For all segment register loads the CPU needs to fetch data from the L1 data cache (or worse) to get to the GDT/LDT entry and then do protection checks. Accessing L1 cache alone probably costs about 12 cycles. For DS, ES, FS, GS segment loads the CPU can use things like out-of-order execution and register renaming to hide the performance problem; so these segment loads seem to suck less. For CS loads the CPU can't hide the performance problem - the CPU has to wait for the CS load to complete before it can fetch the next instruction. For SS loads I'd assume similar restrictions (e.g. all calls/returns/pushes/pops need to wait for the earlier segment load to complete).

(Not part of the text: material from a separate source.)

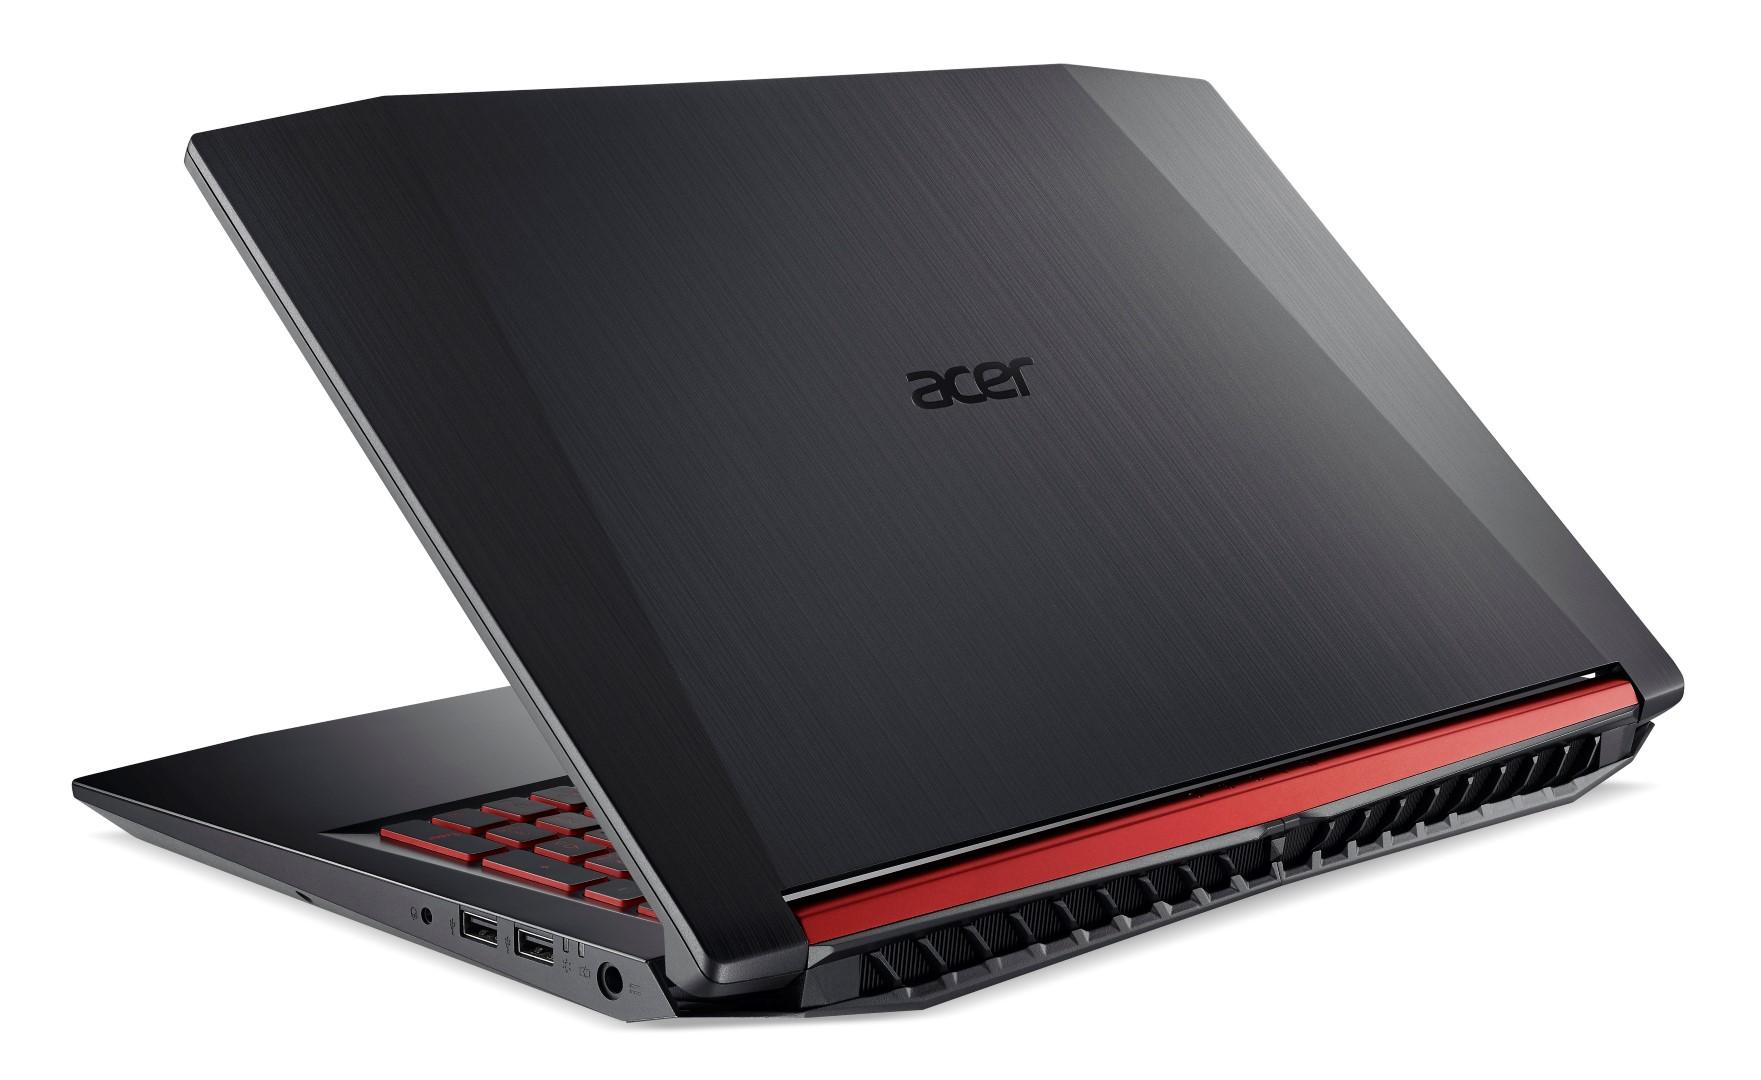 Ноутбук ASUS ROG GL553VE-FY200T 90NB0DX3-M02800 (Intel Core i7-7700HQ 2.8 GHz/12288Mb/1000Gb + 256Gb SSD/DVD-RW/nVidia GeForce GTX 1050Ti 4096Mb/Wi-Fi/Cam/15.6/1920x1080/Windows 10 64-bit)

Basically, all segment register loads suck, potentially including (for e.g.) loading DS in code where all/most of the following instructions depend on DS, but sometimes the CPU can hide the suckage in some cases. Call gates suck twice as much (as the CPU has to fetch the gate's descriptors before it can start fetching the code descriptor). Both SYSENTER and SYSCALL avoid the need to fetch data from the L1 data cache (or worse) and most of the protection checks; and therefore have far less impact on a typical CPU's out-of-order execution pipeline (it'd still cause a temporary blockage, but the blockage is cleared a lot sooner). The same would apply for SYSEXIT/SYSRET compared to "RETF".
Cheers,
Brendan